I think that will do for today...happy reading!
Mrs. P

5 comments:

Sarah said...

Well put.

Anonymous said...

and here i thought all of that was falling on deaf ears :)

call me elitist or snobby or just plain biased, but i wouldn't even consider having anyone else take my pictures. you are the best of the best. bottom line.

and now i'm really not going to let up on you. don't make me start praying for you - cause you know what happens...

but if it will get your butt in gear, then right now i say, "damnit god, give me a vision!"

alycepaige said...

im in trouble now!!

Cindy said...

So I'm not sure if I should be upset or not, because it feels as though you (and Carol in her comment) are ripping me as a photographer.
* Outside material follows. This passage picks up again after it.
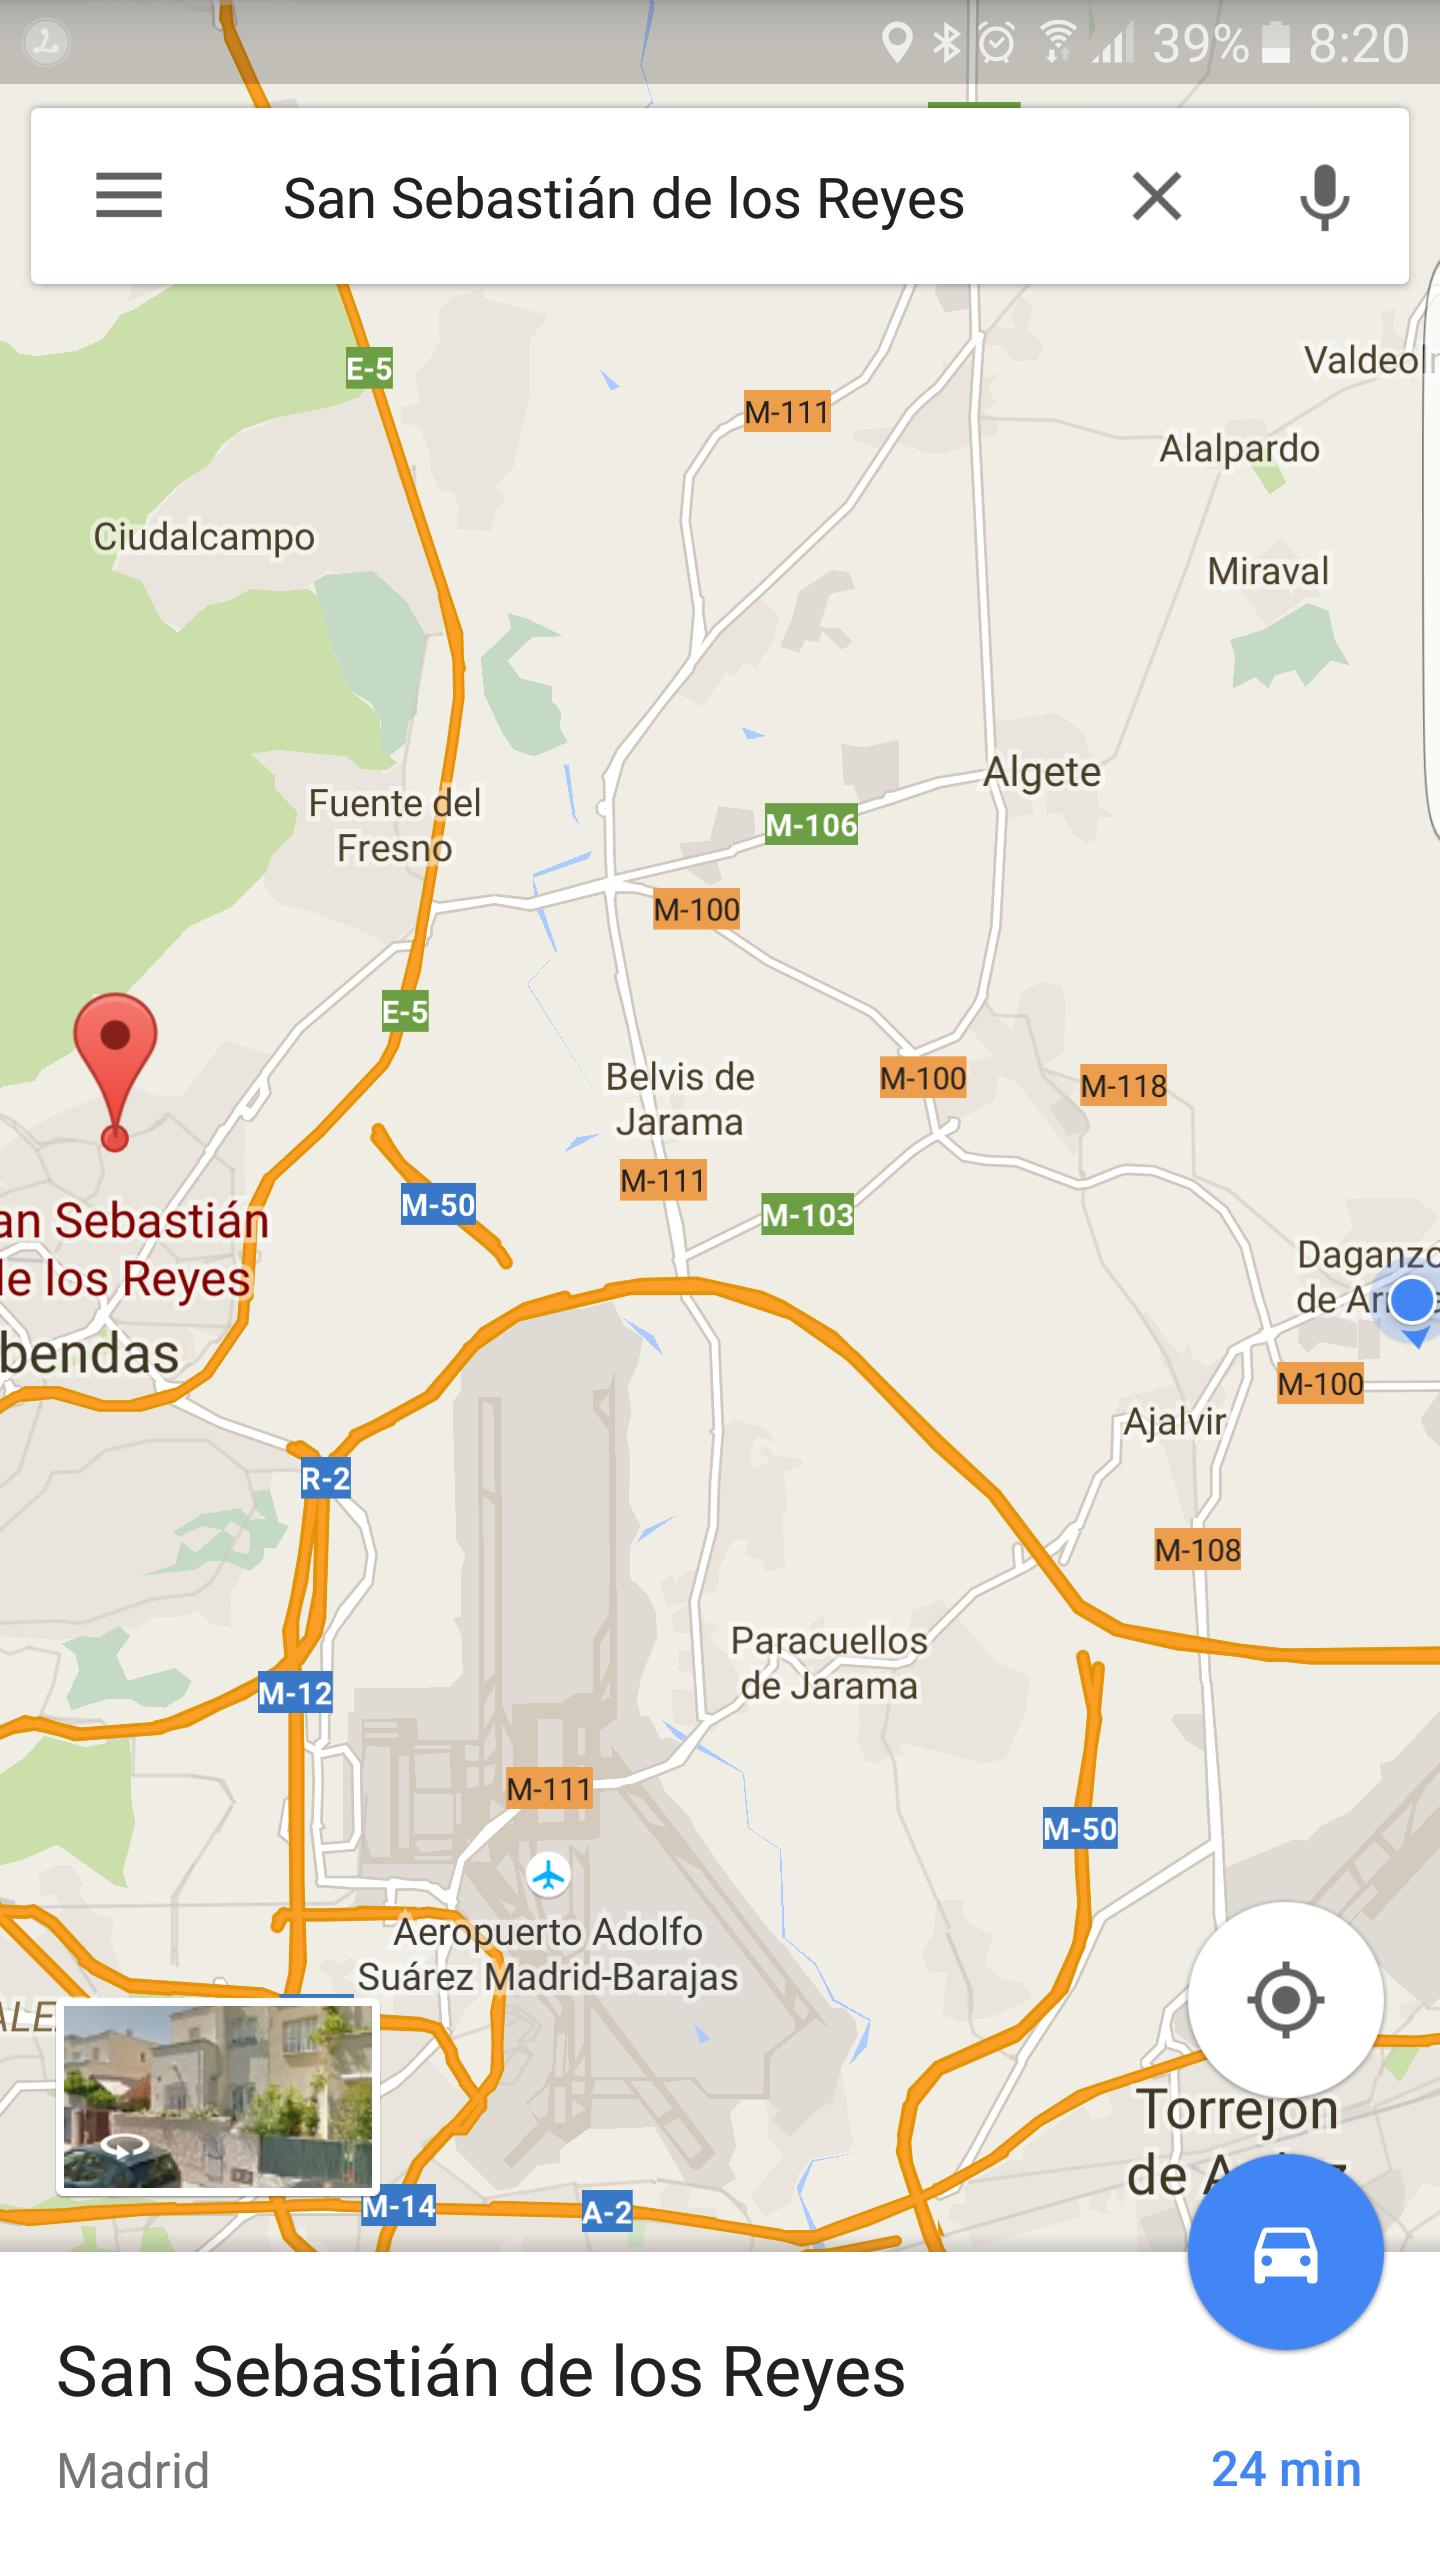 Ruta creada con la aplicación Google Maps 9.22

I hope it's not the case because it would suck to be cut off at the knees by people who have encouraged me previously in taking pictures.

But....

You know why I take people's pictures? Because I offer. I'll never get any better if I don't try.

And you are right, you don't make yourself available. You don't offer. You are hiding behind your schedule and feeding your fears.

If you don't try all you'll do is sit and whine and continue this cycle.

The Chrissi I have known for years is pretty damn fearless and goes after what she wants. So get past your fears you dork. Stop letting them play mind games with you.

Unknown said...

I hope you are not upset we did not have you do our photos. I did not want any of my close friends working on that day so they could enjoy it. I love you and your photography I hope you know that.